**Dataset section**
· · ·

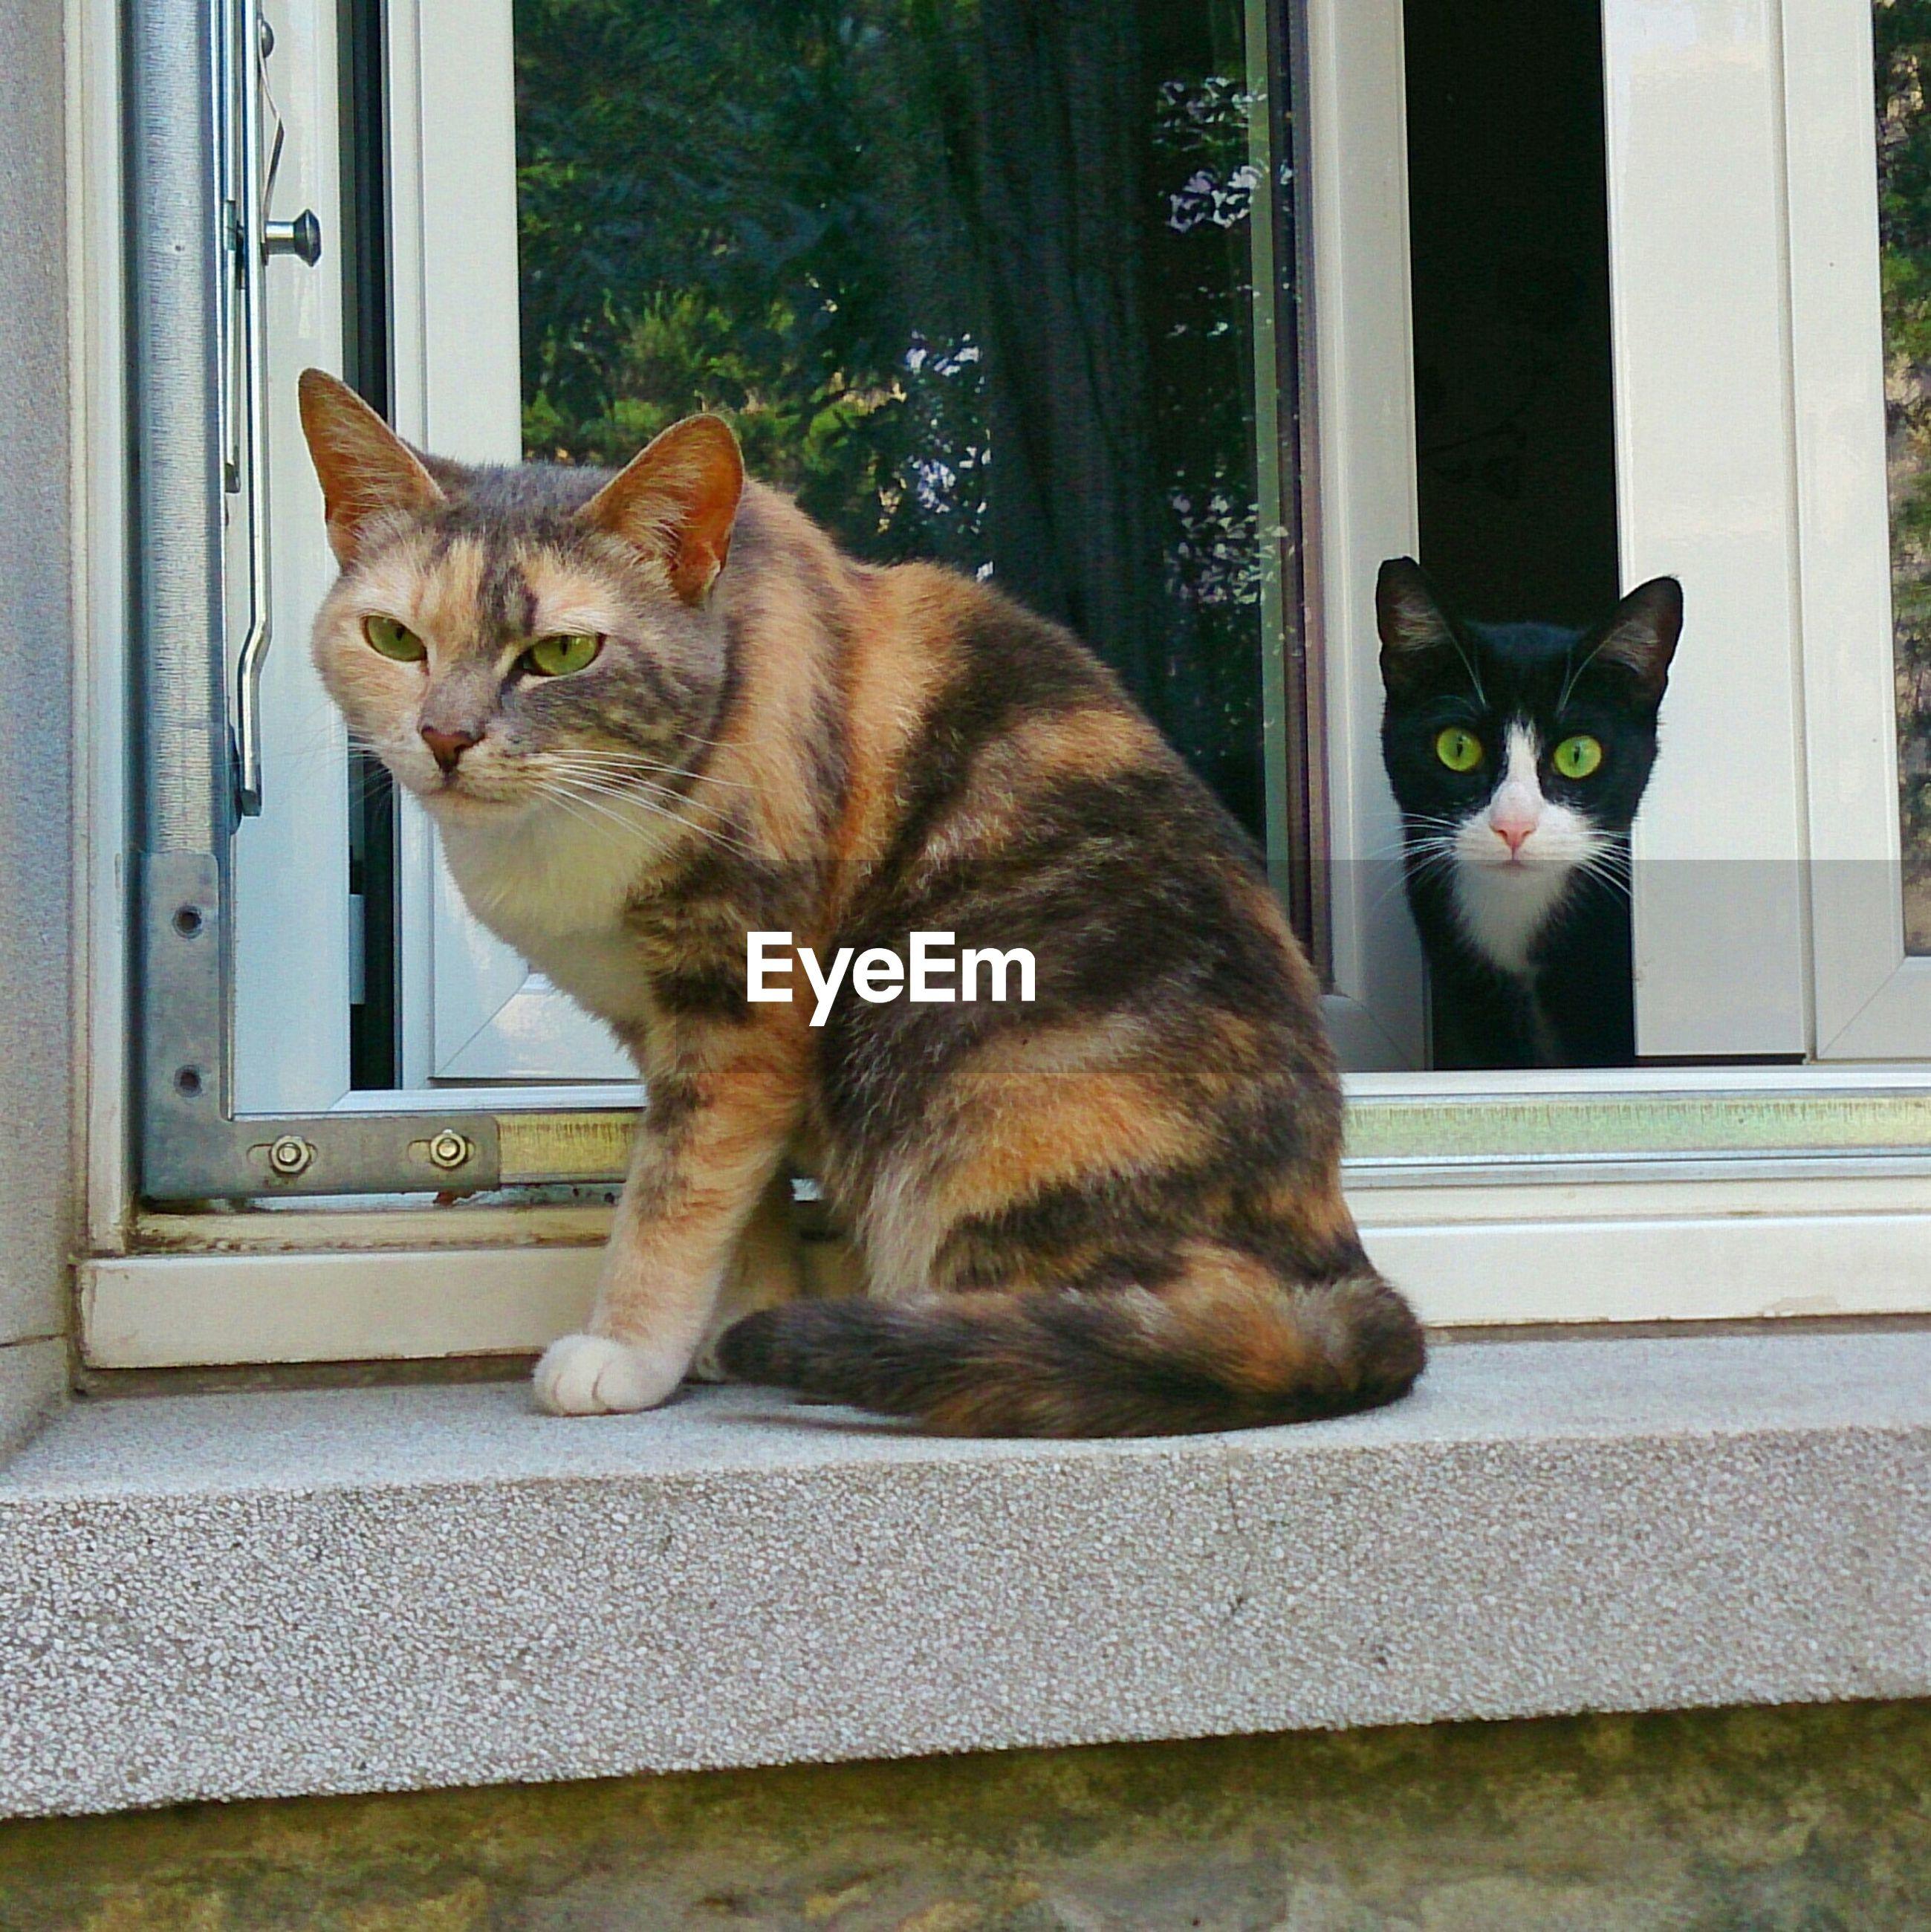 Cats sitting on window sill
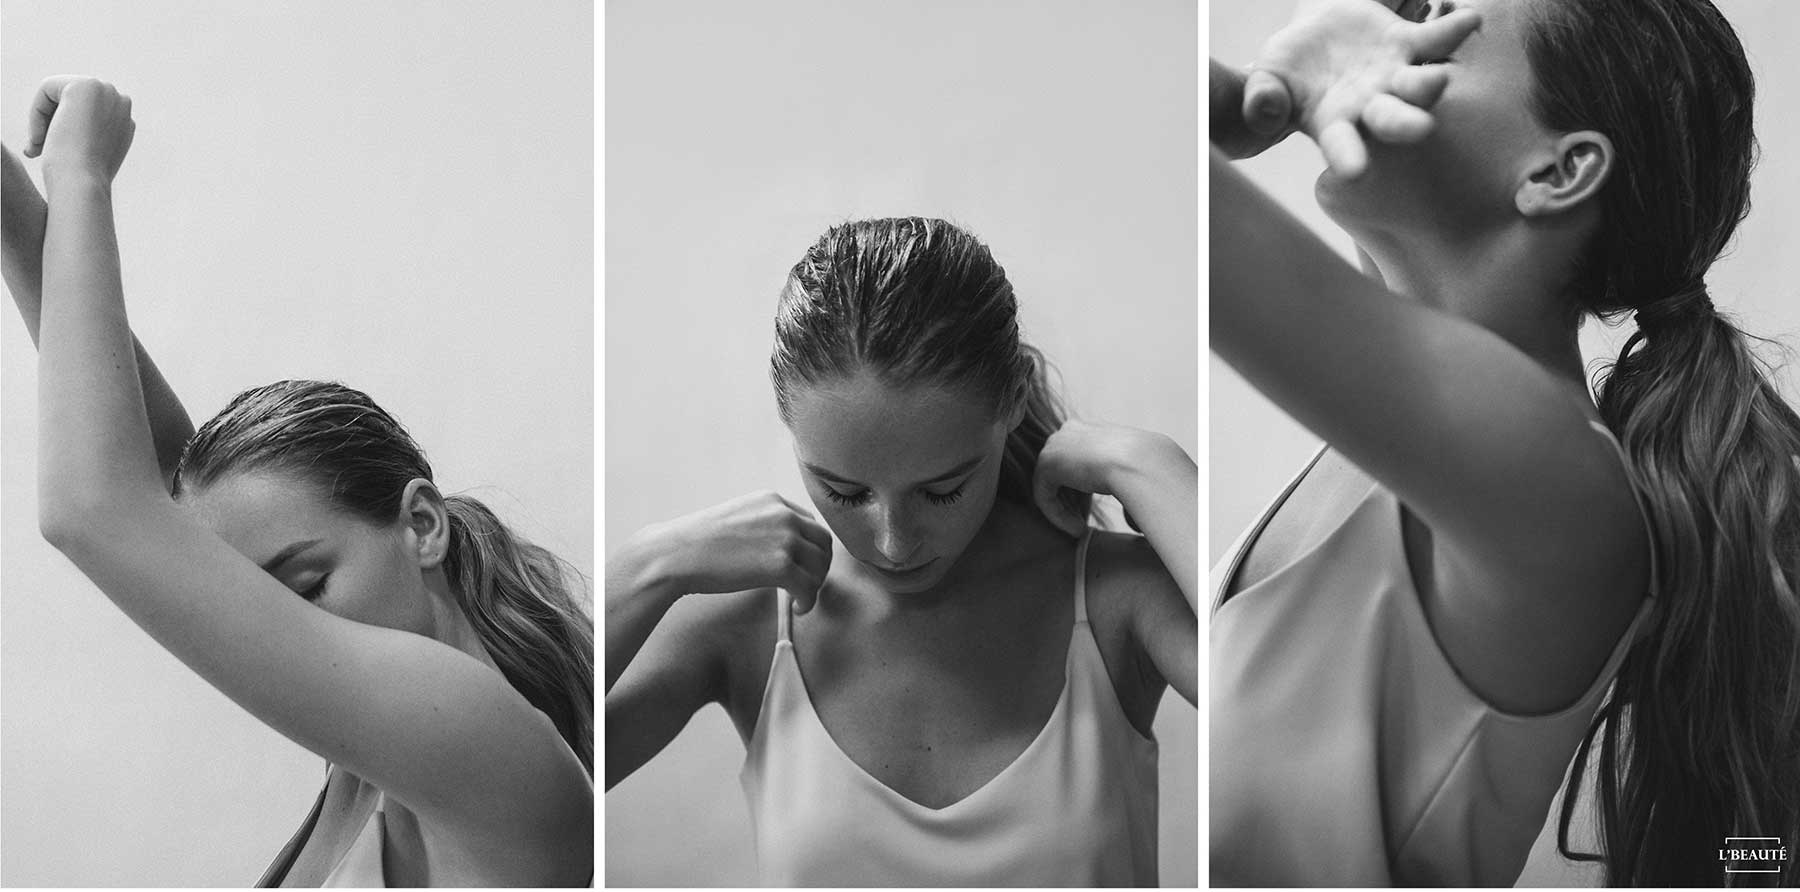 Beauty-Dyson-Pelo-Airwrap
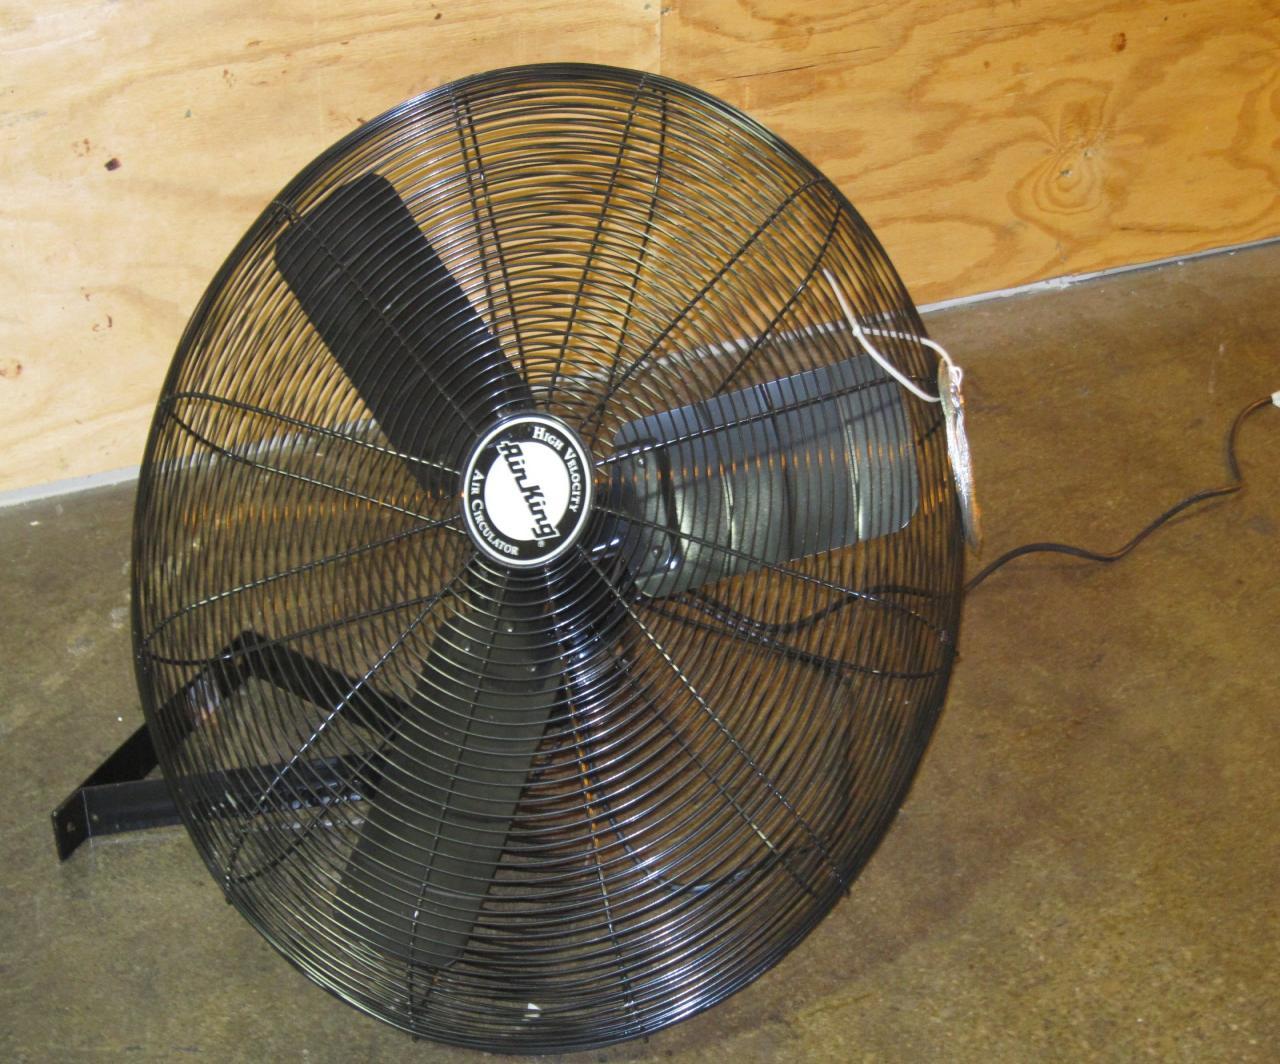 Air King Wall Mount Fan : Lot air king hp industrial grade wall mount

· · ·

**Task directions**
Apart from the images, every line above needs to be printed again exactly.

**Result of this exercise**
 Cats sitting on window sill
 Beauty-Dyson-Pelo-Airwrap
 Air King Wall Mount Fan : Lot air king hp industrial grade wall mount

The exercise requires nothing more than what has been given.